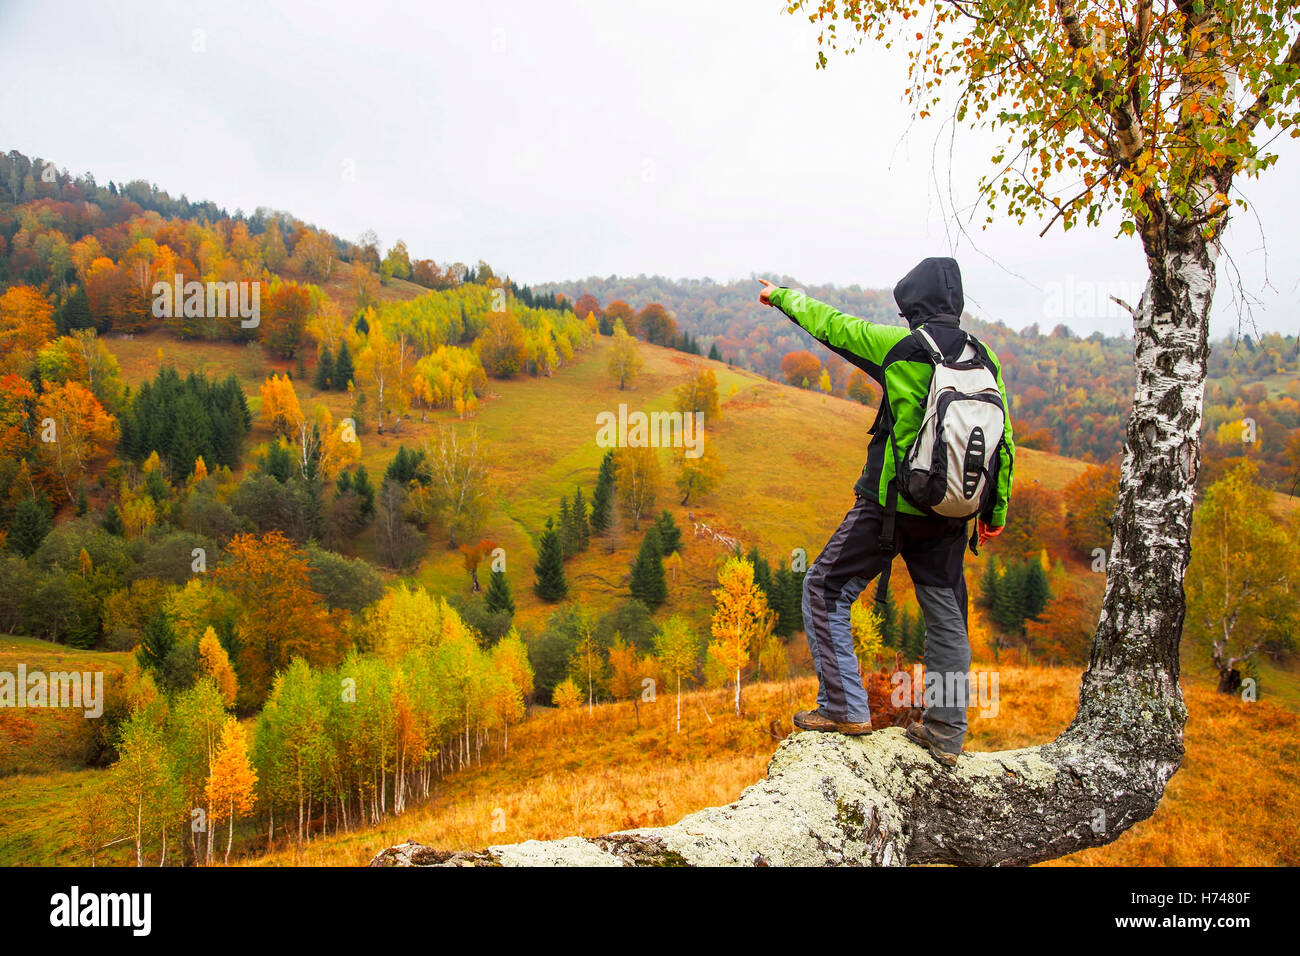 Escursionista sul tronco di betulla ammirare colorate alberi e prati panorama.L'attività all'aperto Foto Stock
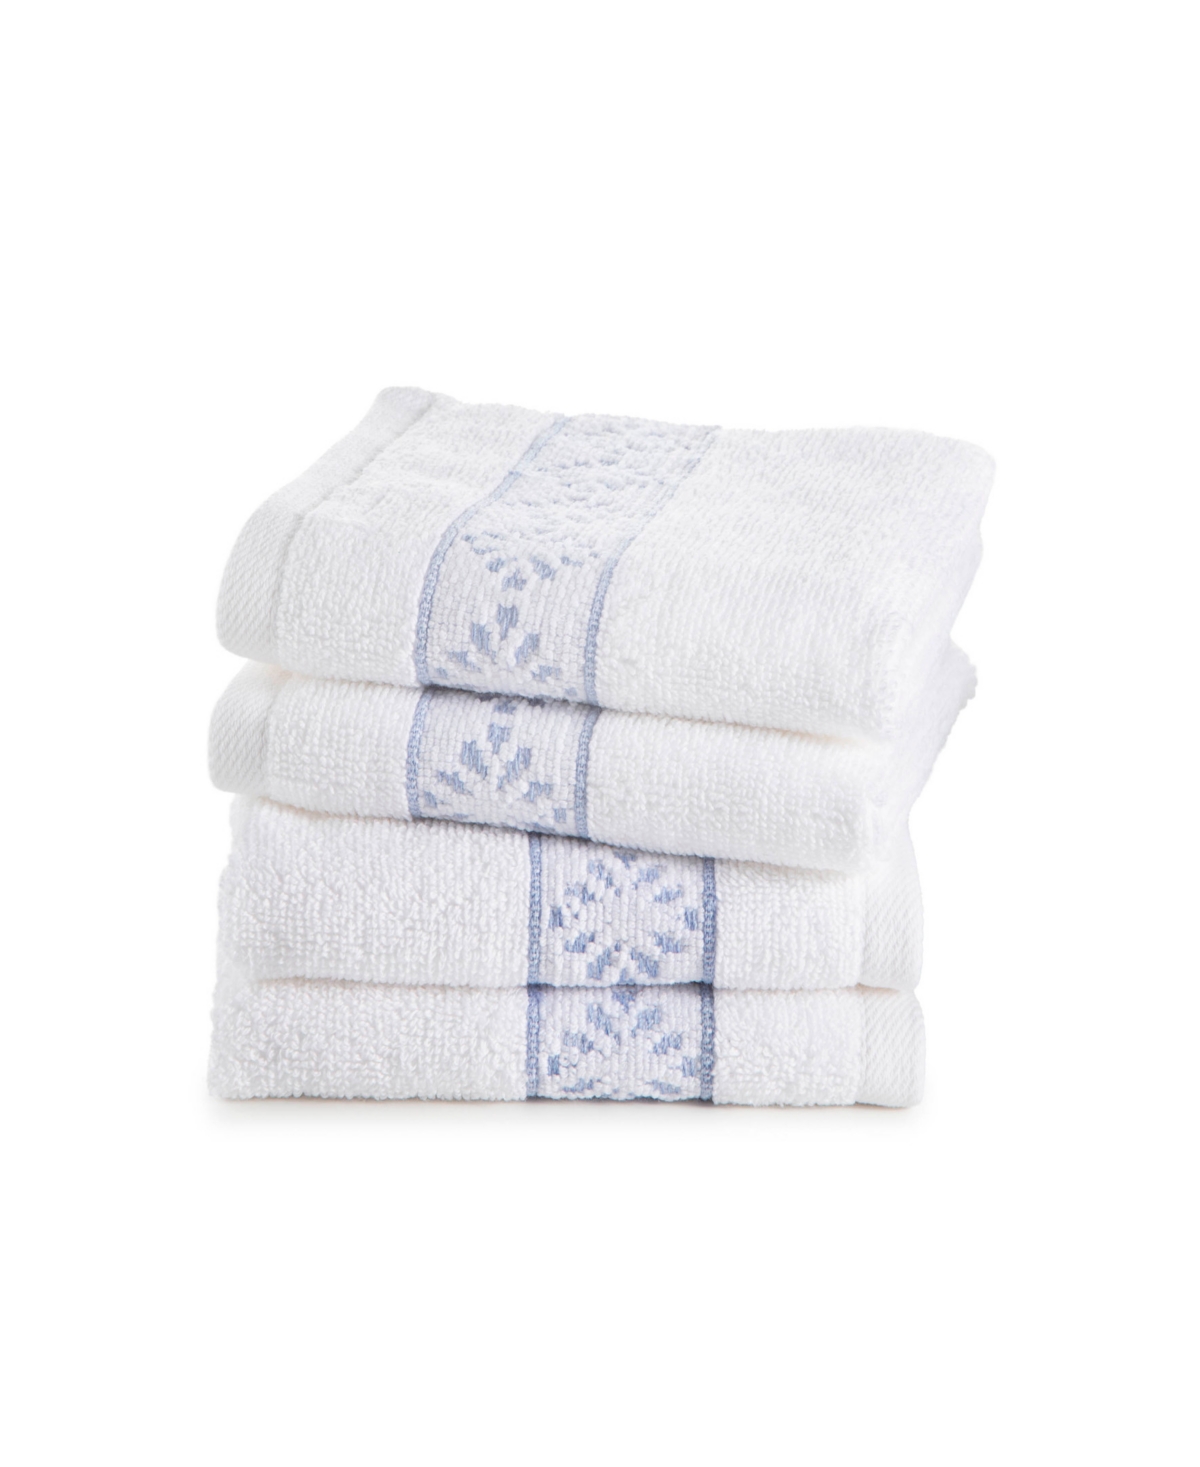 Clean Design Home X Martex Allergen-resistant Savoy 4 Pack Wash Towel Set In White
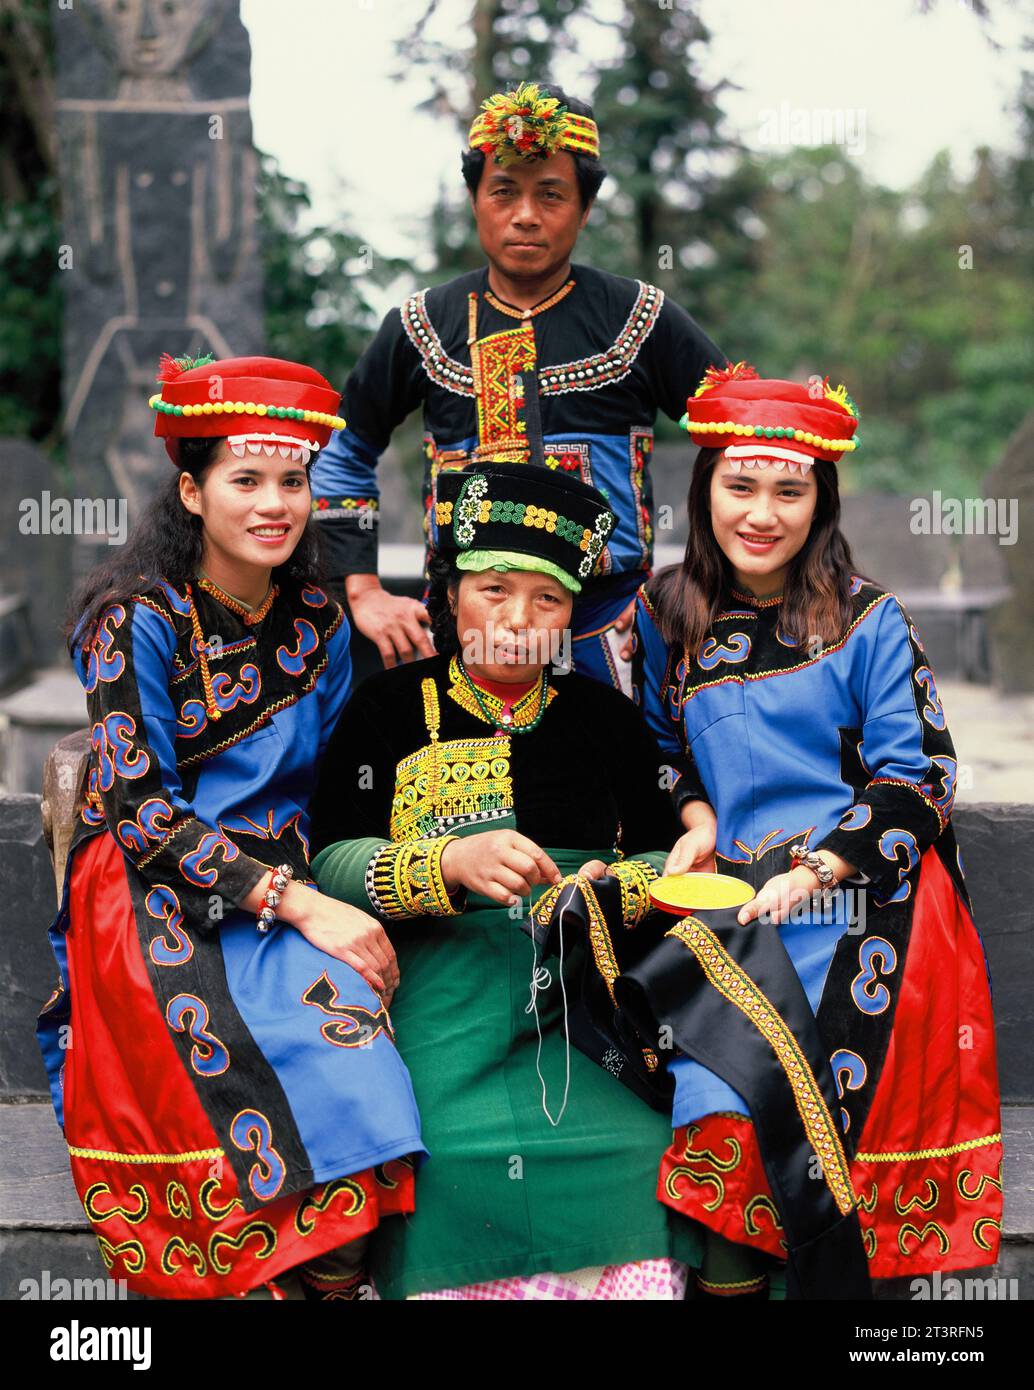 Taiwan. Hualien region. Man & women in tribal dress. Stock Photo

■ ■ ■ ■

__Description of the task__
Final stretch of the data: repeat exactly each line from the one containing "Clean Design Home" through the last, and omit all pictures.

__Written answer__
 Clean Design Home X Martex Allergen-resistant Savoy 4 Pack Wash Towel Set In White
 Taiwan. Hualien region. Man & women in tribal dress. Stock Photo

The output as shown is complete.